(Chemba District, Dodoma Region)
Jesca Juma was already four months pregnant (her first pregnancy) and yet not booked for antenatal care (ANC) when she noticed an unusual situation for her pregnancy. She noticed fluid leaking from her private parts, worried she decided to call Burhani Ramadhan Omari a Community Health Worker (CHW) in Goima village in Chemba district, Dodoma.
“It was evening when I noticed that there was fluid leaking from my private parts. I was worried and the only thing that came to my mind was to call Burhani because he is known here for connecting sick people with health care workers at our dispensary. He is famous here and thanks God he arrived in time.”

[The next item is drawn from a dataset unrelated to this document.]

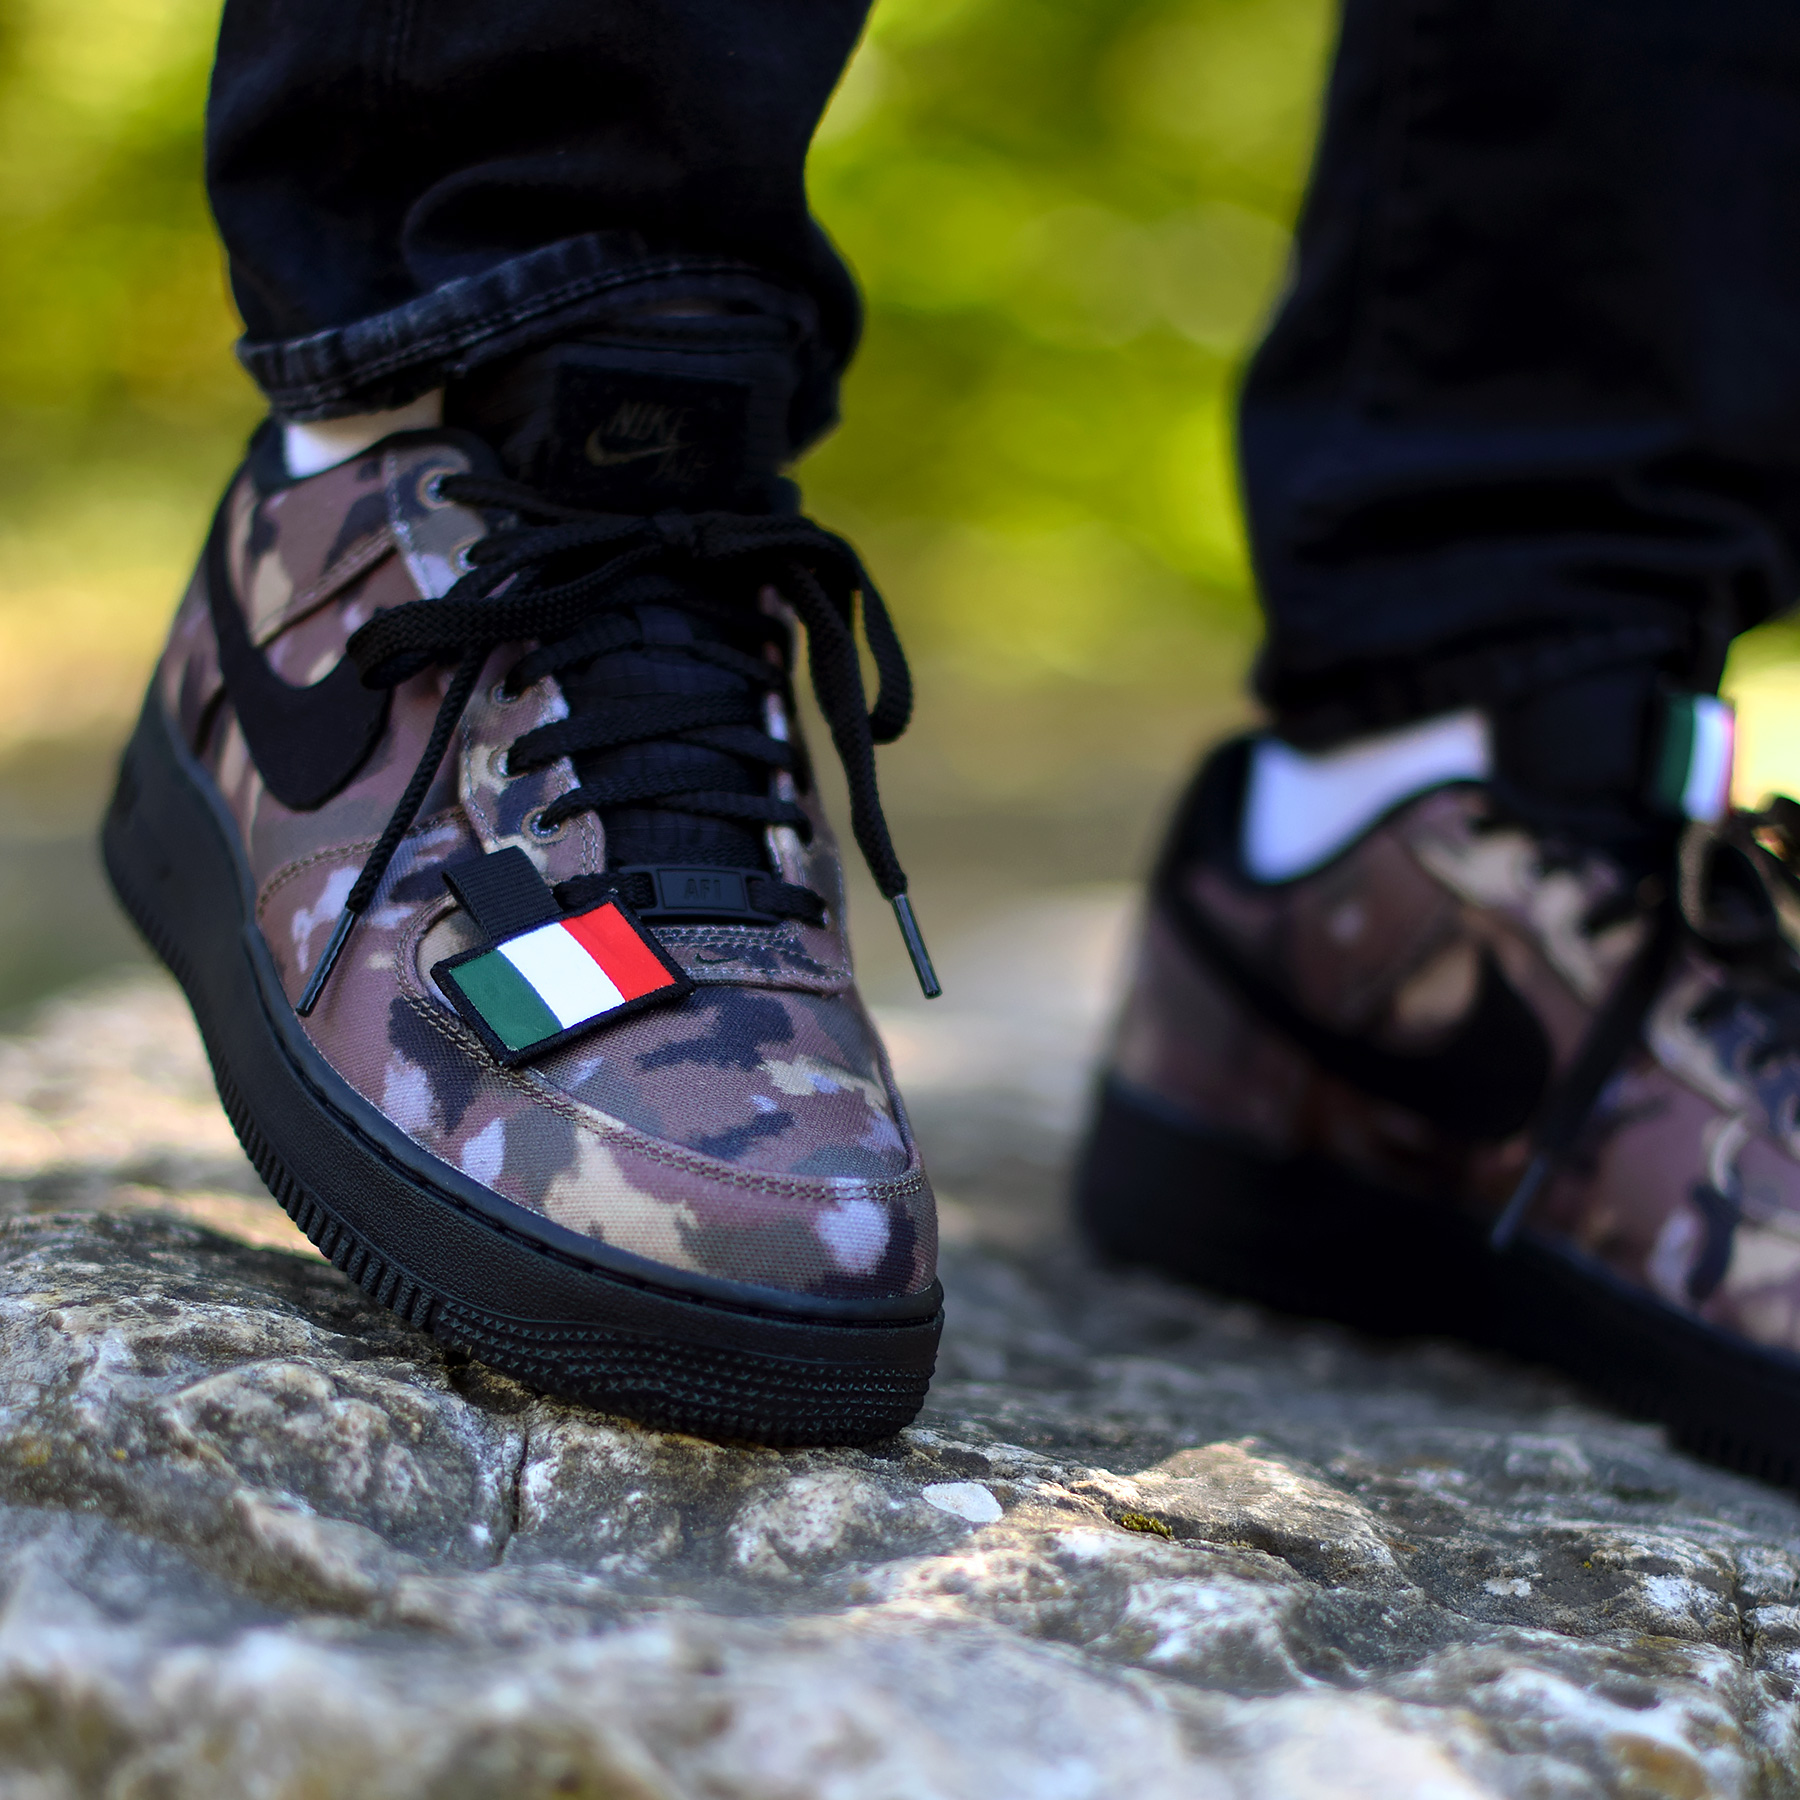 nike air force 1 camo italy

Jesca delayed booking herself for (ANC) and already she had an early ruptured membrane caused by underlying conditions which mostly causes excessive bleeding, a life-threatening infection, or obstetric fistula. It is required that a pregnant woman start ANC services at least within 2 months to help Health providers detect any threat at an earlier stage and address them timely.
This kind of delay is most common in rural areas and is even worse in an environment with ineffective referral systems that link communities with health facilities for early emergency response. Goima village had a similar challenge where emergency pregnancy complications were dealt manually through filling of paper-based forms and letters, a process which prolonged arrival and preparedness of the health facility.
Thanks to the innovation of a quick and reliable mobile App that helps to facilitate emergencyresponse like this in Chemba District to save lives. Burhani is among 34 CHW linked with 18 health facilities in Chemba empowered by Mkapa Fellow Program Phase III project with mobile phones installed with a digital App termed as Community Health Assistance Information and Decision (CHAID) tool that helps to respond with healthcare challenges in community through the Irish Aid support. When he arrived at Jesca’s home, the assessment got his attention on what he believed could be a life threatening condition.
“The MFP III project gave us this mobile phone and in it they have installed an application which guides us to assess clients through tailored questions. When I was assessing Jesca, I noticed a danger sign through guided questions from the CHAID tool and it guided me to click a referral as she was in the danger category. I filled the form in the CHAID and pushed a button that alerted the Medical Officer Incharge at Goima Dispensary,” narrated Burhan.
Miles away, Dr. Samson Iman Makowe’s mobile phone squealed. On his screen was the referral message from Mr. Burhan, the CHW alerting on the condition of the client which needs immediate attention. Samson figured what to do. Immediately he alerted his team to get prepared.
“I was home that evening when Jesca arrived at the Dispensary, we were all set for an emergency task. Thanks, it wasn’t complicated, we handled it perfectly. She experienced premature rapture of membrane and it was an inevitable abortion, so we had to administer oxytocin to argument expulsion of conception materials,” said Dr. Simon Makowe
The CHAID tool system tackles the three delays that stand in the way of women and children accessing high-quality health care: delays in making the decision to seek care, reaching Care, and receiving proper care at a health facility.
Community Health Care workers like Burhan have been working closely to link the communities with health facilities by providing sensitization through education and follow ups while making timely referral decisions for any identified danger sign among women and children. To complement their work, MFP III innovation to introduce the CHAID tool has been instrumental not only for an emergency referral like this but also to collect and administer data including tracking of clients for easy follow up.
“This tool is very useful, and it has completely simplified Buruhani’s work. With the tool Buruani can directly refer the client for immediate care. It has also been very easy for me to make all the initial preparations even before the client arrives at the facility because there is an option of seeing the cause of referral. I can say with tools we have reduced the client management delay especially when it comes to management of pregnant women presenting with dangersigns and has significantly strengthened the community facility linkages.” said Dr. Makowe.
Thanks to the support from the Irish Aid and collaboration with the Ministry of Health Community development Gender and Children (MoHCDGEC) and the President’s Office Regional administration and Local Governmen (PORALG), to date the Benjamin Mkapa Foundation through its led project MFP III have been able to scale up this innovation to over 1000 CHWs in different regions across Tanzania.